WHAT THE TASK ASKS | Pictures aside, the data must be reproduced exactly.

STORED DATA |
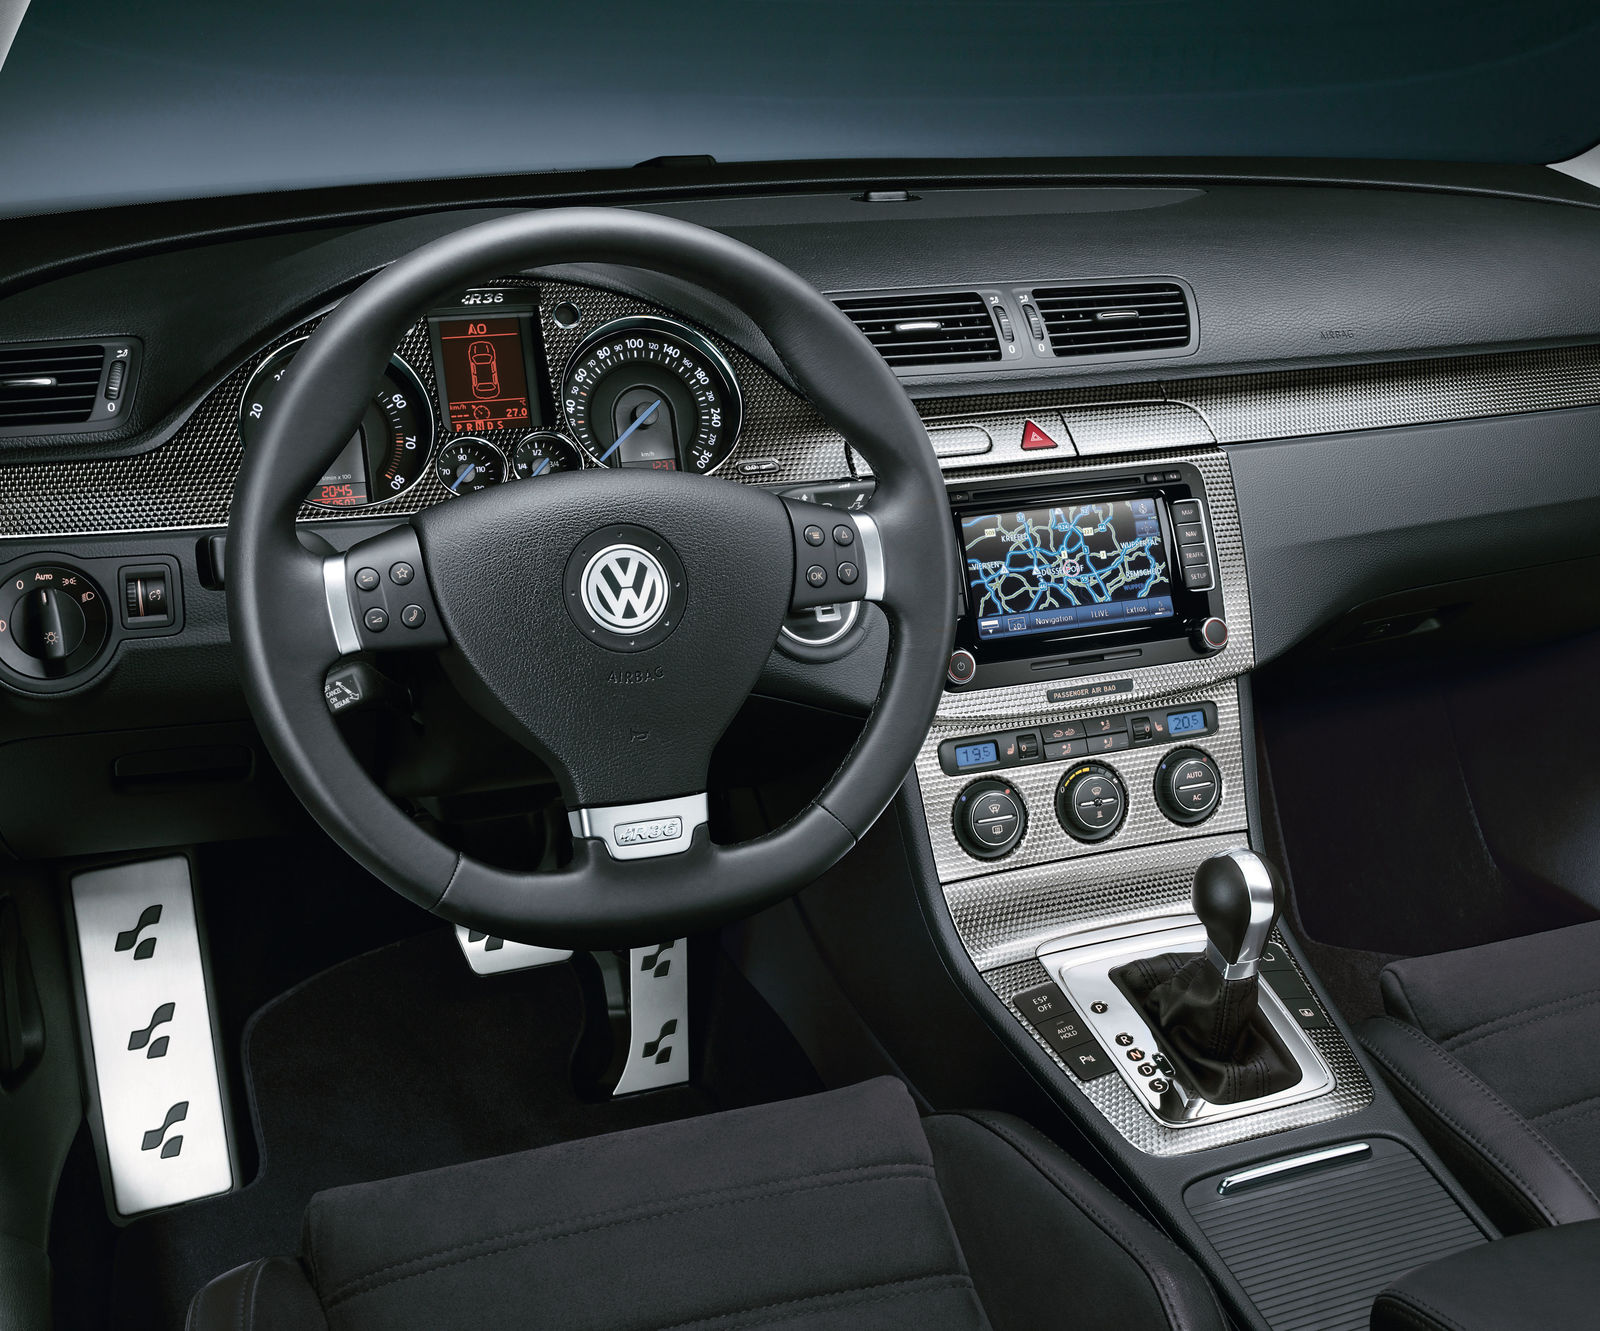 Пассат б6 2008 год. Фольксваген Пассат b6 салон. B6 Фольксваген Пассат 2007. VW Passat b6 Interior. Volkswagen Passat b6 салон.
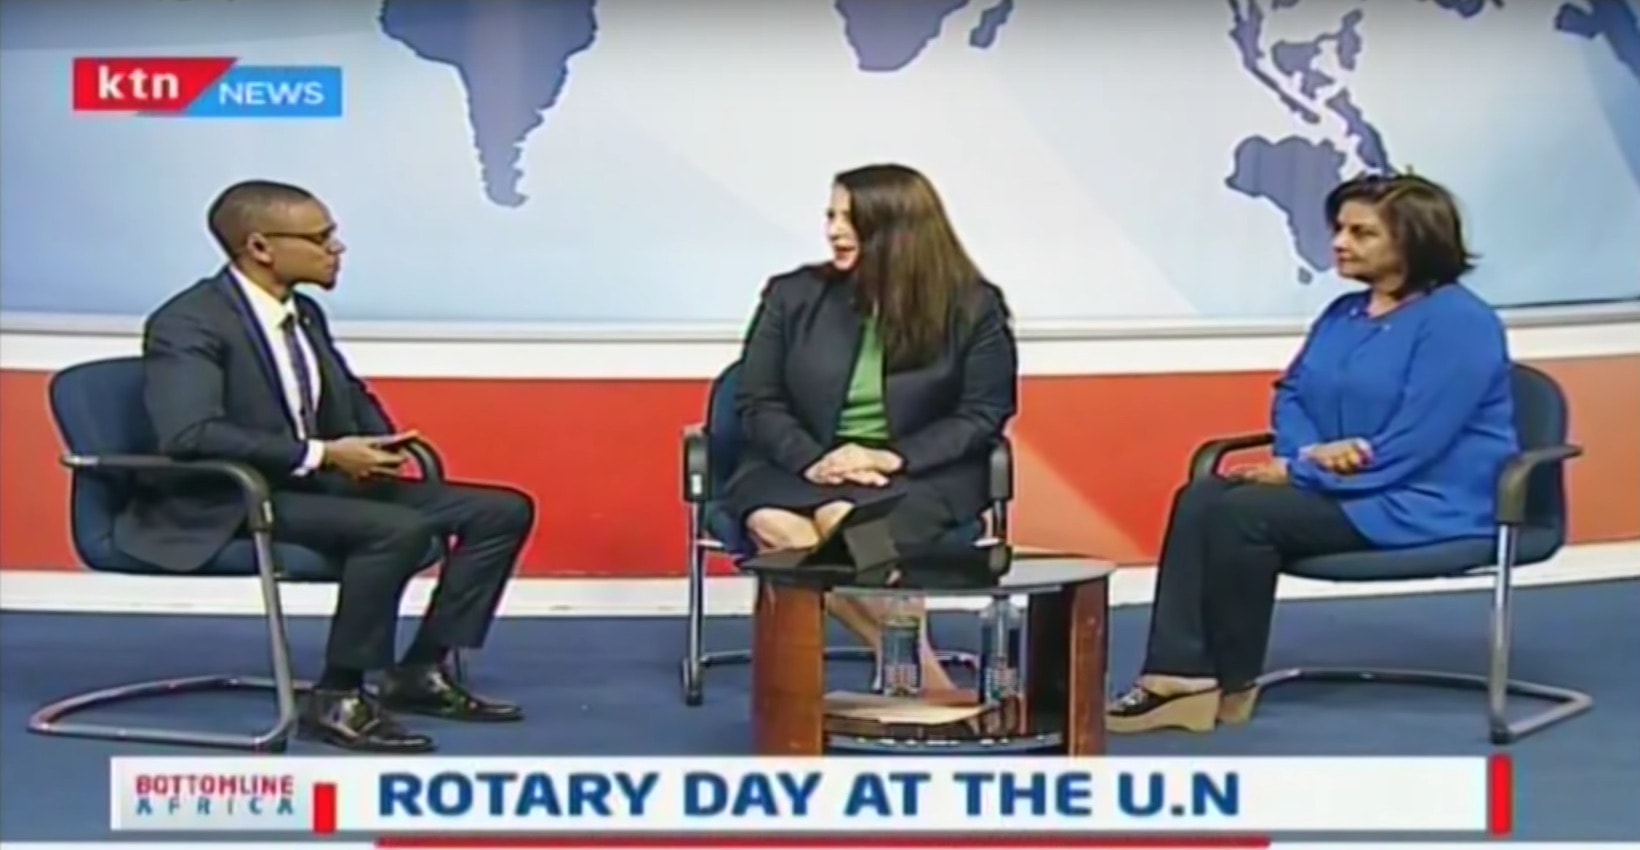 Rotary-UN-Day-Standard-Media-Kenya-News-Michele-Berg-Deputy-General-Secretary-Rotary-International-Ludovic-Grosjean
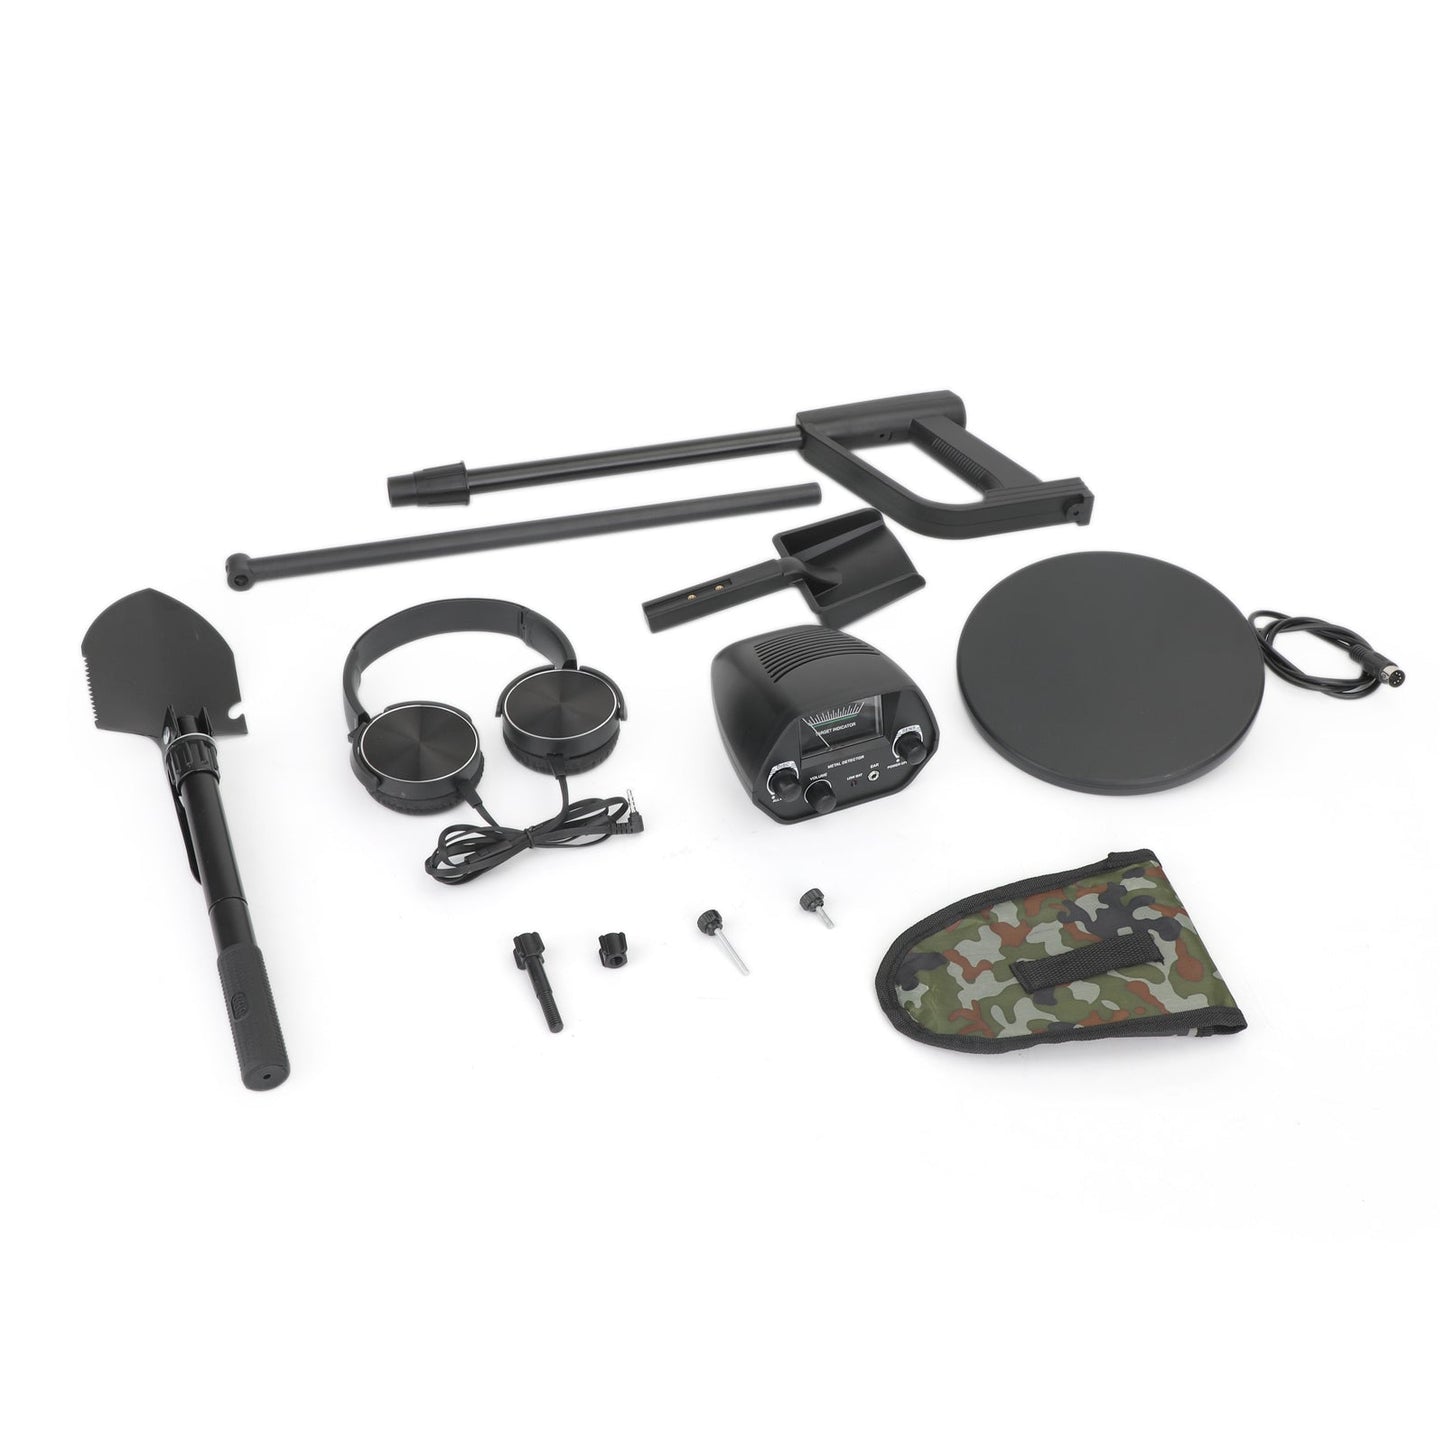 7.8" Hunter Deep Sensitive Metal Detector + Shovel + Earphone Waterproof

RESULT BELOW |
 Пассат б6 2008 год. Фольксваген Пассат b6 салон. B6 Фольксваген Пассат 2007. VW Passat b6 Interior. Volkswagen Passat b6 салон.
 Rotary-UN-Day-Standard-Media-Kenya-News-Michele-Berg-Deputy-General-Secretary-Rotary-International-Ludovic-Grosjean
 7.8" Hunter Deep Sensitive Metal Detector + Shovel + Earphone Waterproof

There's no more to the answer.